14. Clases particulares- As I said, speaking English is a very marketable skill here, and so I’ve been able to pick up several private lessons (clases particulares) in which my only requirement is to sit and have conversations. It pays well, and I’ve learned so much about Spain, its culture, and its challenges.

15. Retiro- El Parque del Buen Retiro is essentially the Central Park of Madrid, and it is only 15 minutes from my house. This means that rather than running through the packed, dirty streets of the city, I get to go run the couple of miles on wide dirt paths around the perimeter of this beautiful park, surrounded by trees and a multitude of bikers, runners, and roller bladers.

16. The bathroom window of my apartment- It may seem strange, but I love walking in to see this:
Hello sunset!
17. Fulbright- I certainly appreciate the money, but the best part of being a Fulbright is the amazing community of people that it has allowed me to meet. It’s an instant source of interesting coffee dates, travel companions, and dinner party guests.

18. Political debates- I arrived in Spain at a very important point in its history. In the last month, I’ve witnessed a presidential election, sat in on meetings to organize strikes, and personally debated the options that remain for the Eurozone. Living with Javi has been a big part of this, as he shares my diplomatic aspirations, but in general, these are topics that I’ve found most Spaniards very willing to talk about. By the time the election came around, I felt like I had gathered enough information to make an educated decision about who I was supporting, however little it mattered.
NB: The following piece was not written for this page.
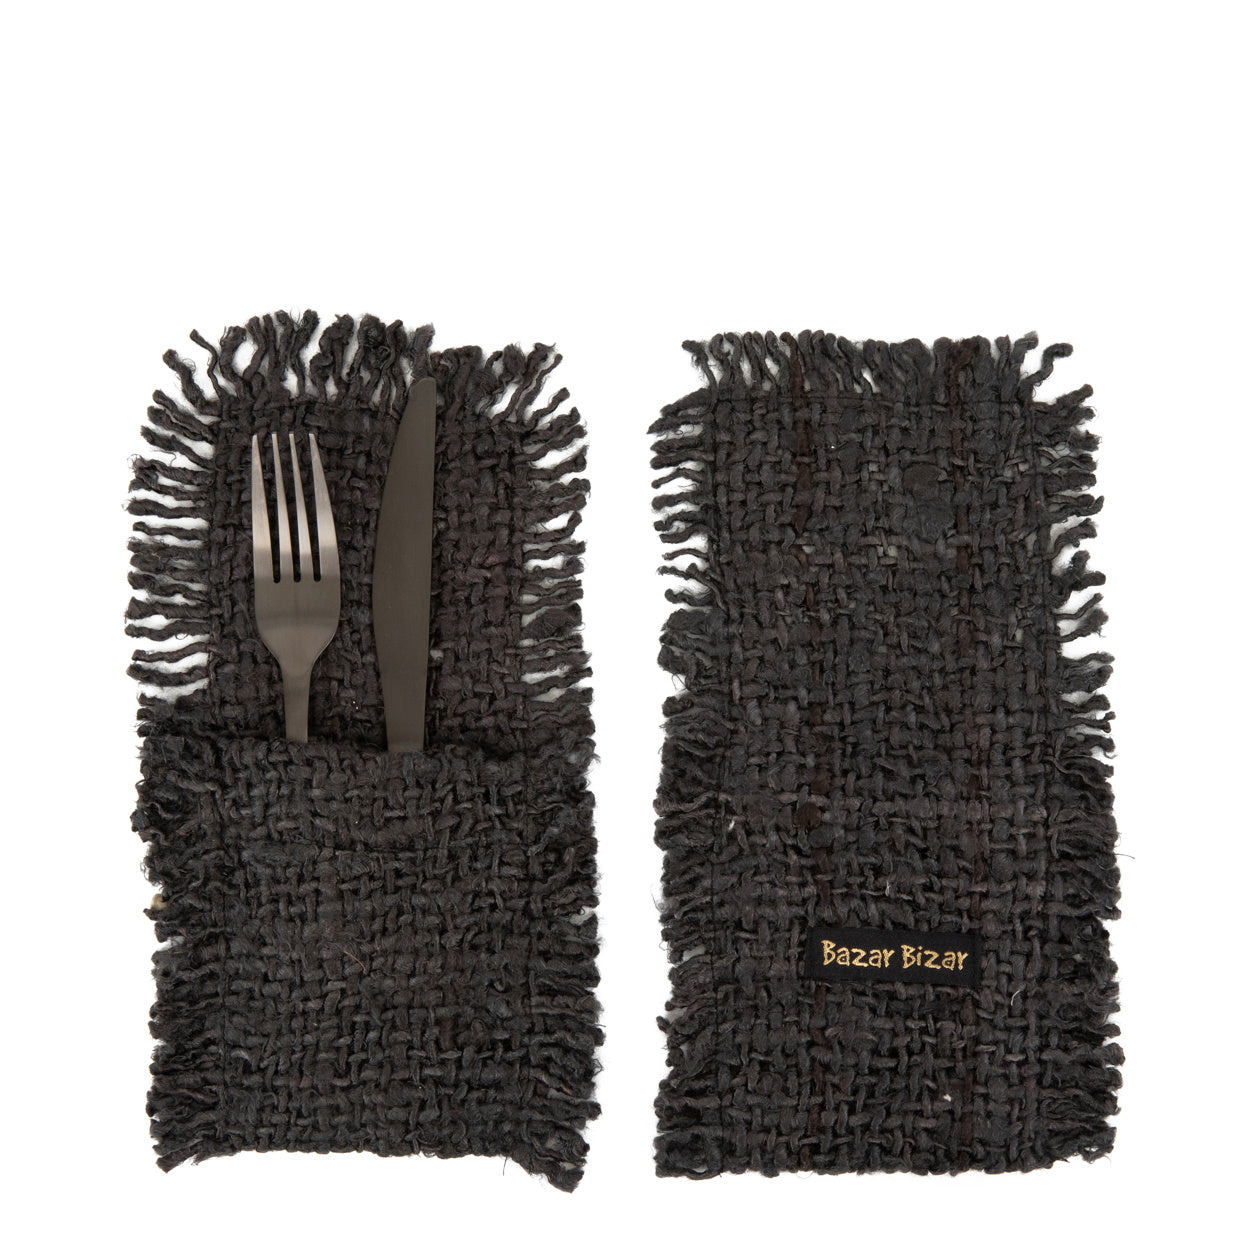 THE OH MY GEE Cutlery Holder Set of 4 black navy

19. Rooftop cafes on a clear day- One of my favorite places in Madrid is Gaudeamos Café, a rooftop café above a library in the heart of Lavapiés. The library in and of itself is astounding, built into the ruins of an old collapsed church. The contrast between the sleek modern décor of the library and the old brick frame of the church is beautiful and only enhanced by a coffee on the roof as the sunset paints the sky in shades of orange and red.

20. Everyone I’ve met this year- As experienced as I may have become in traveling abroad and making new friends, graduation presented me with a tough reality. I won’t be moving back to Arkansas, and the friends that I had become so close to were going to be scattered all over the world. I had always made new friends before knowing I’d go back to be with the old ones, but this time was different. Then I spent a summer getting to know an amazingly inspiring group of Iraqis that I grew to love dearly, and this fall, I have developed even more close friendships in a remarkably short period of time.

21. Tapas- Goat cheese, pine nuts, and caramelized onions; smoked cod and roasted red peppers; jamón (gold in pork form), brie, and berry jam; sobresada and manchego cheese… You name it, this country has turned snacks into a world of food masterpieces that I’ve only just begun to explore.
Heaven.
22. My family- The past year has been rough at some points, and has only proven to me what a wonderful family I have.  As we gathered to celebrate my parents’ 60 incredible years this summer, I looked around and knew that this, above all, was the greatest blessing I could have received.

Friday, October 14, 2011

Life as a Guinea Pig


As promised, I now present “Being an ETA in Spain: Part 1”(the non Basque terrorist kind)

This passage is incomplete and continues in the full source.